CCM is the entry point to the care management stack. More CCM enrollments mean more patients already inside your infrastructure, where RPM, BHI, and PCM become natural extensions.
The copay is friction. The system is the program.
If H.R. 8261 passes, the CCM copay goes away and the front door gets wider. If it doesn't, the door is still open, just narrower, and the practices that learned to handle the copay conversation keep walking patients through it. Either way, the program that lasts is the one whose documentation defends itself. Build that first. The legislation, if it comes, is upside on top of a program that already works.
About this article
This article is for general education and clinical-professional information. It is not medical, legal, billing, or coding advice. Verify all coding and coverage determinations against current CMS guidance and your MAC before billing.
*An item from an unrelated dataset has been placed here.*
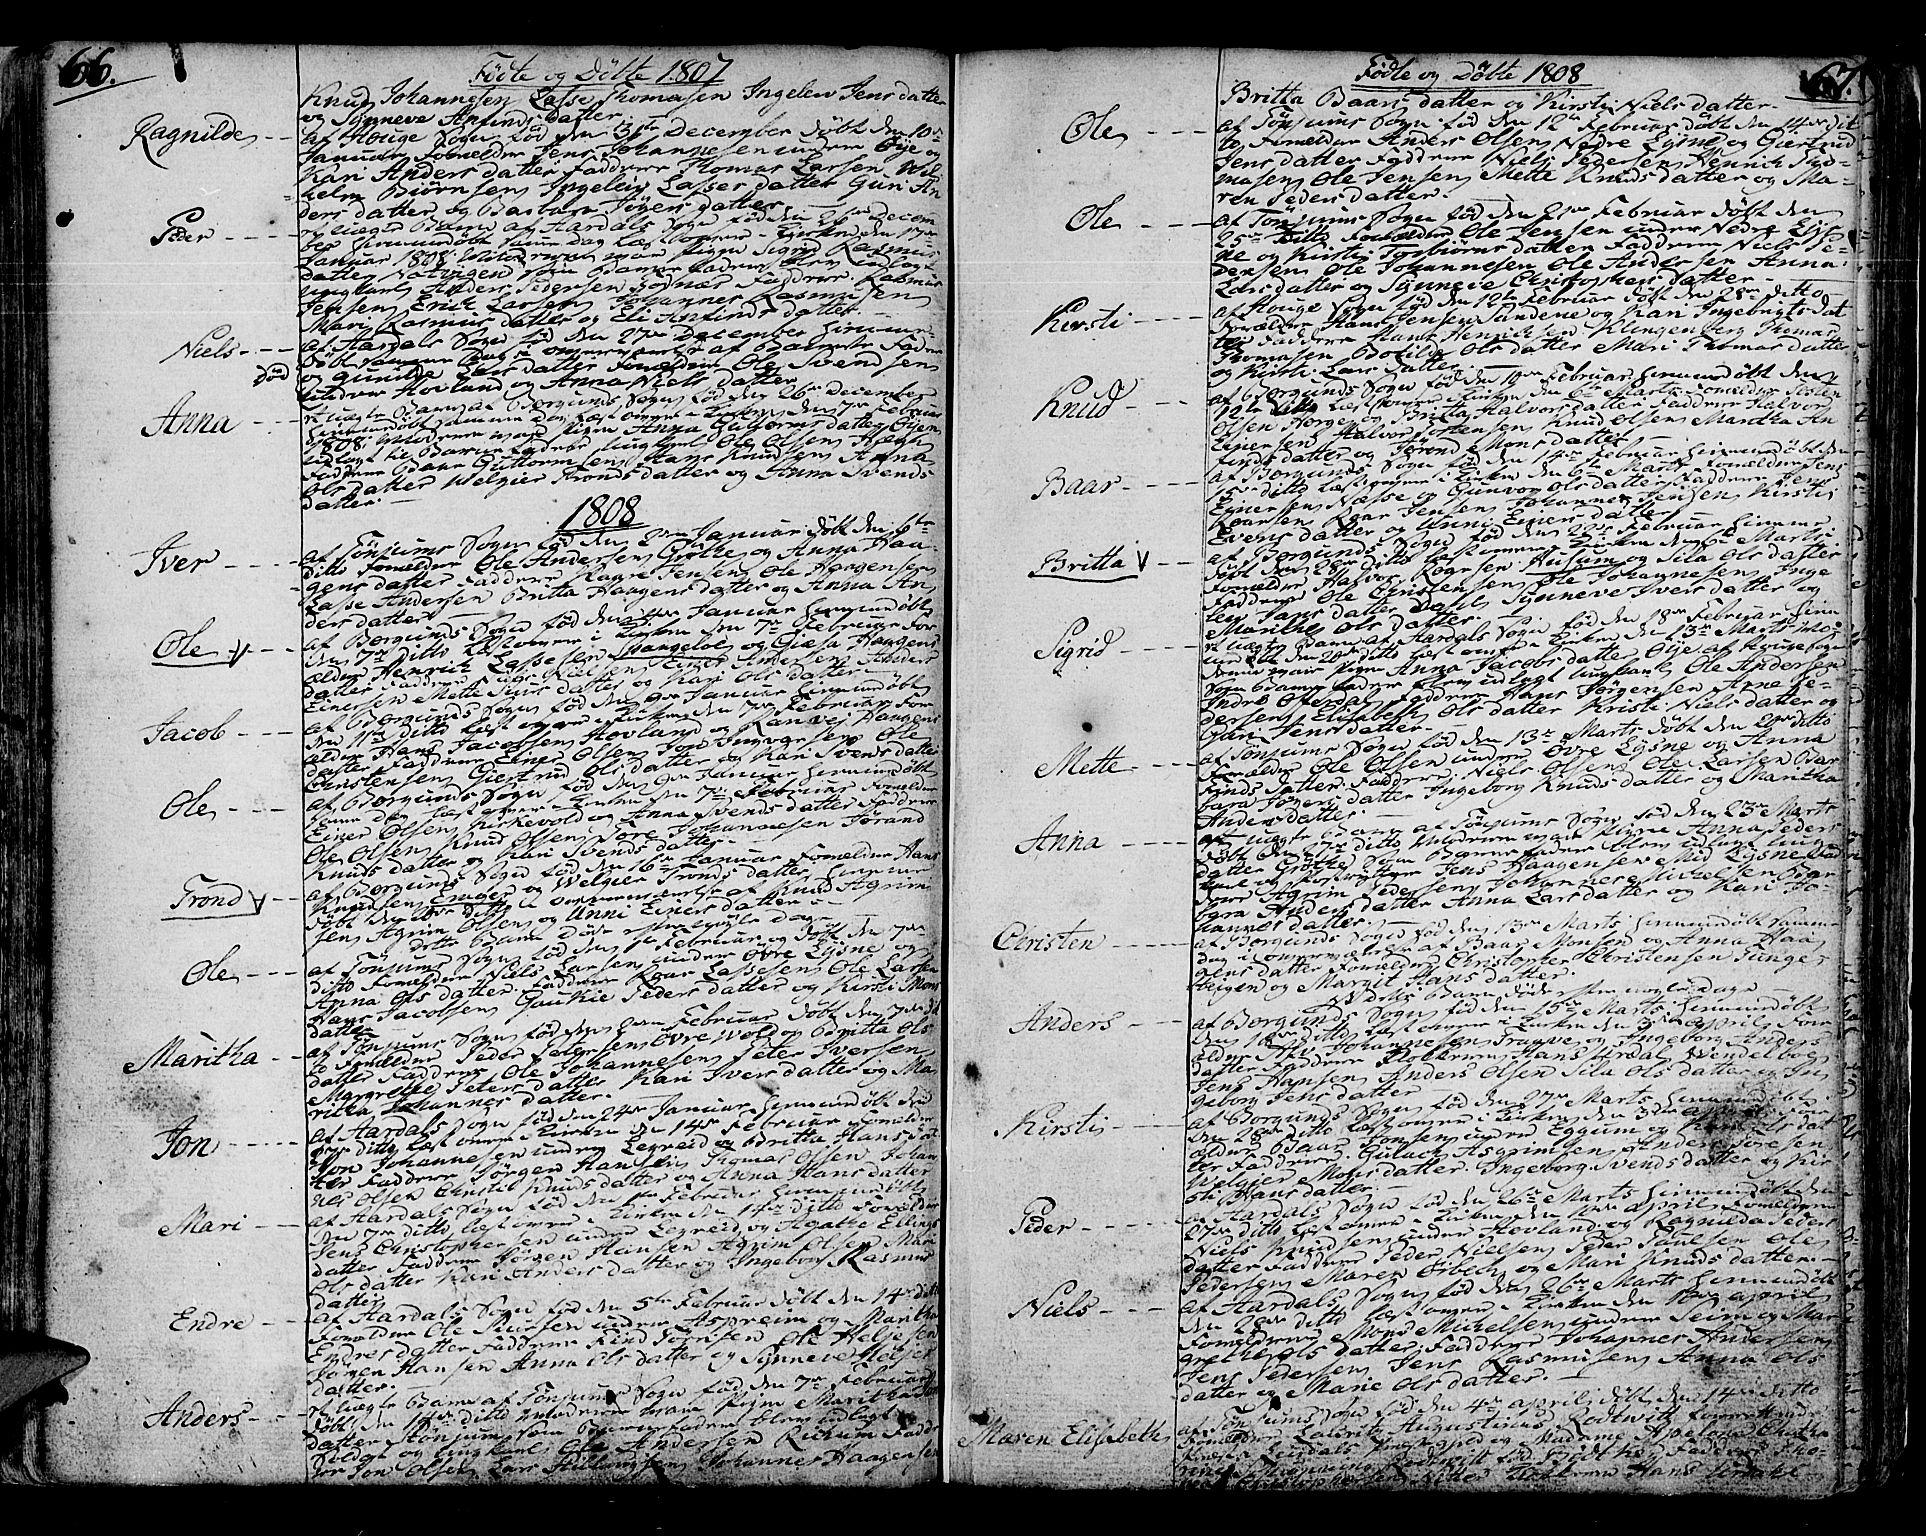 SAB, Lærdal sokneprestembete, Ministerialbok nr. A 4, 1805-1821, s. 66-67

This article describes proposed federal legislation that has not been enacted. The bill's provisions may change or fail to become law. Nothing here should be read as a promise of future coverage, payment, or cost-sharing.
Mobile Health Providers is an independent medical practice. We are not affiliated with or endorsed by Medicare or CMS. Coverage for any service depends on a patient's eligibility and medical necessity.